Discouraged
November 21, 2006
I’m not going to tell whether as security officer I serve old Baathists, new Sunnis, Sadr Shiites, Iranian Shiites, autonomous Kurds, Christians, or CIA operatives. I can’t tell you because I often don’t know.
Look what happened November fourteenth – year doesn’t matter – at Ministry of Education research center: several dozen men driving pickup trucks with Ministry of Interior markings rolled up front, announced American ambassador was arriving, then charged inside, stated they were part of Iraqi integrity commission, brandished weapons, rampaged fifteen minutes, captured fifty to hundred men, blindfolded and bound hands, locked up all women, herded men into trucks, forced their way into traffic and plowed toward Shiite neighborhoods in east Baghdad.
Sunnis said that proved Shiites had schemed with Shiite security forces, none of whom responded or indicated they were awake during daylight raid.
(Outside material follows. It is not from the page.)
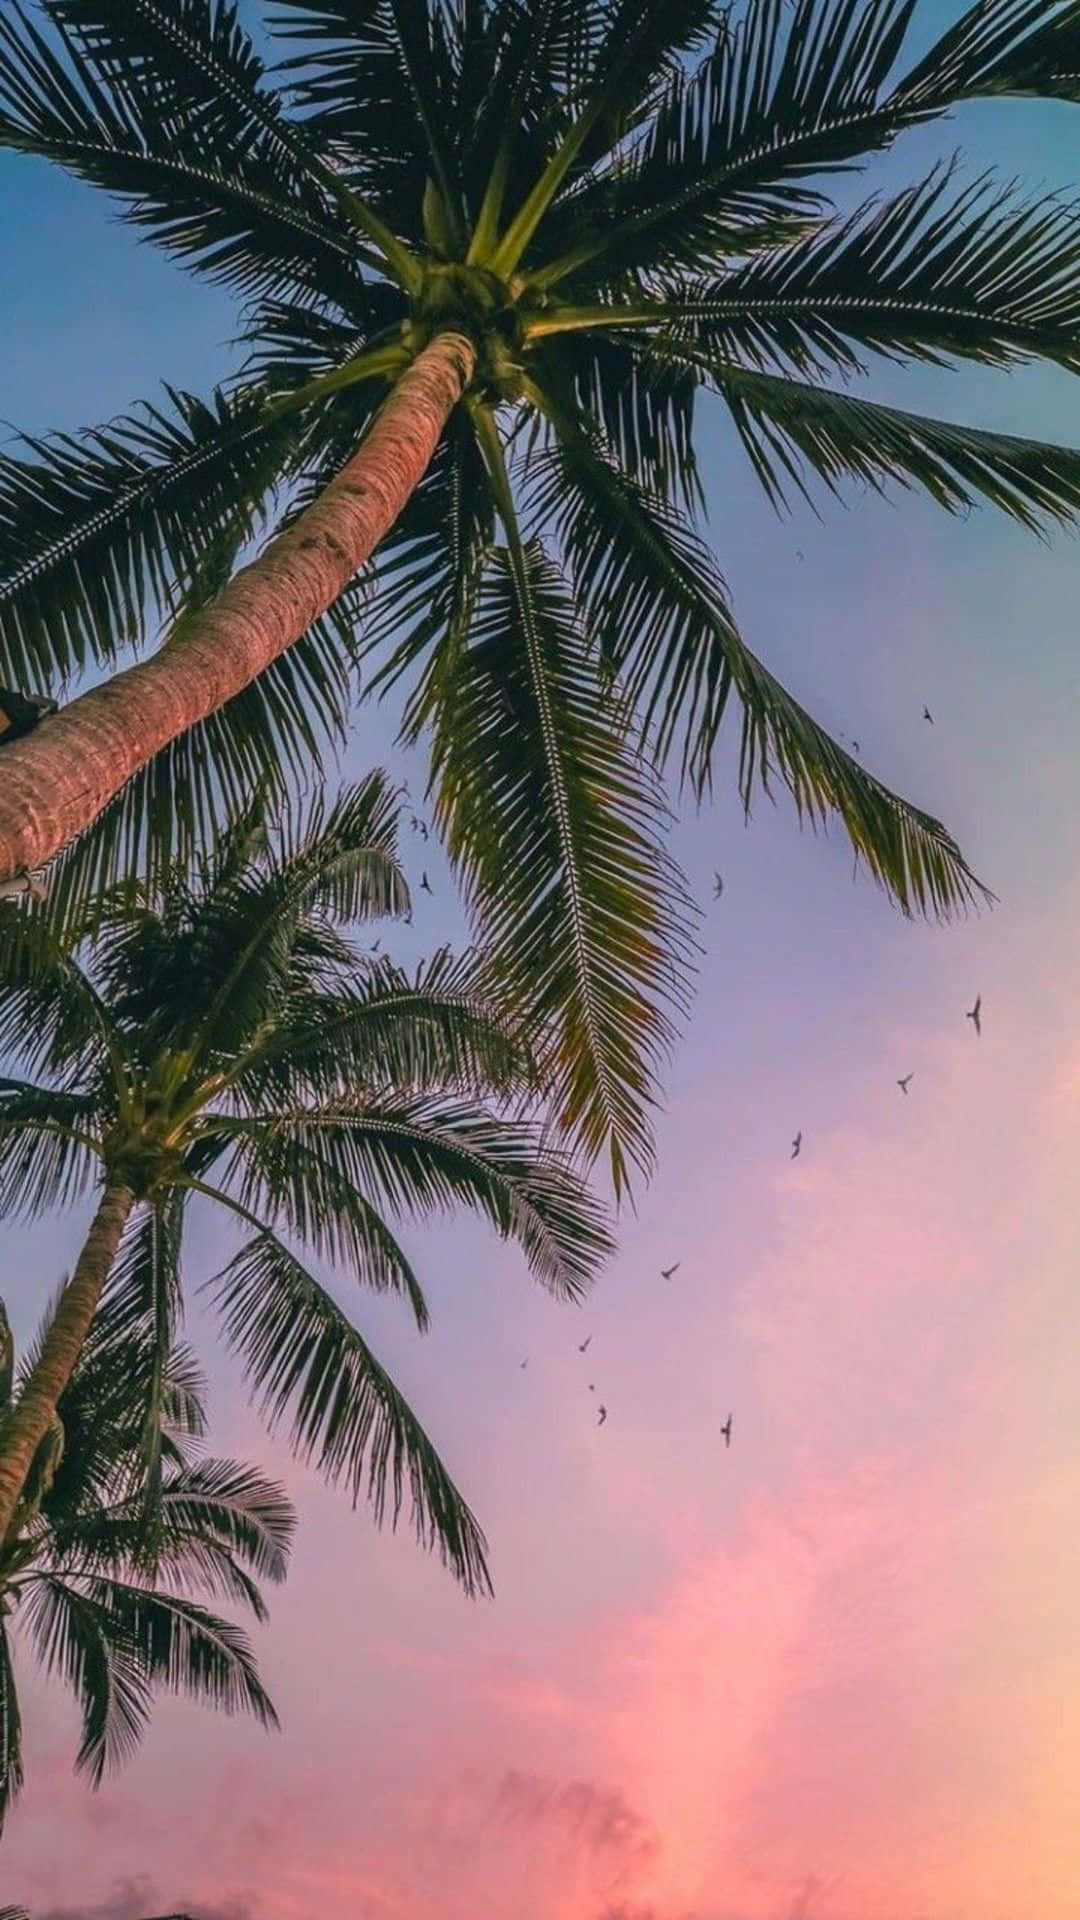 Unwind by the Palm Trees with your iPhone Wallpaper

Of course some Shiites claimed operation had stench of Saddam’s old associates still trying to frame Shiites. It doesn’t matter. Everyone is subject to being abducted, blown up, shot or mutilated.
Violence without foreseeable end would become more tangible for Americans, few of whom are directly affected, if U.S. newspapers ran photos of Iraqi dead. Respectful American newspapers don’t show their dead. That’s fine. Show ours. Not relatively clean Hollywood corpses. Show blood and trauma. Teach everyone what it’s about. Readers won’t need captions or names. Just run clear images from nation of anonymous people being killed by faceless zealots.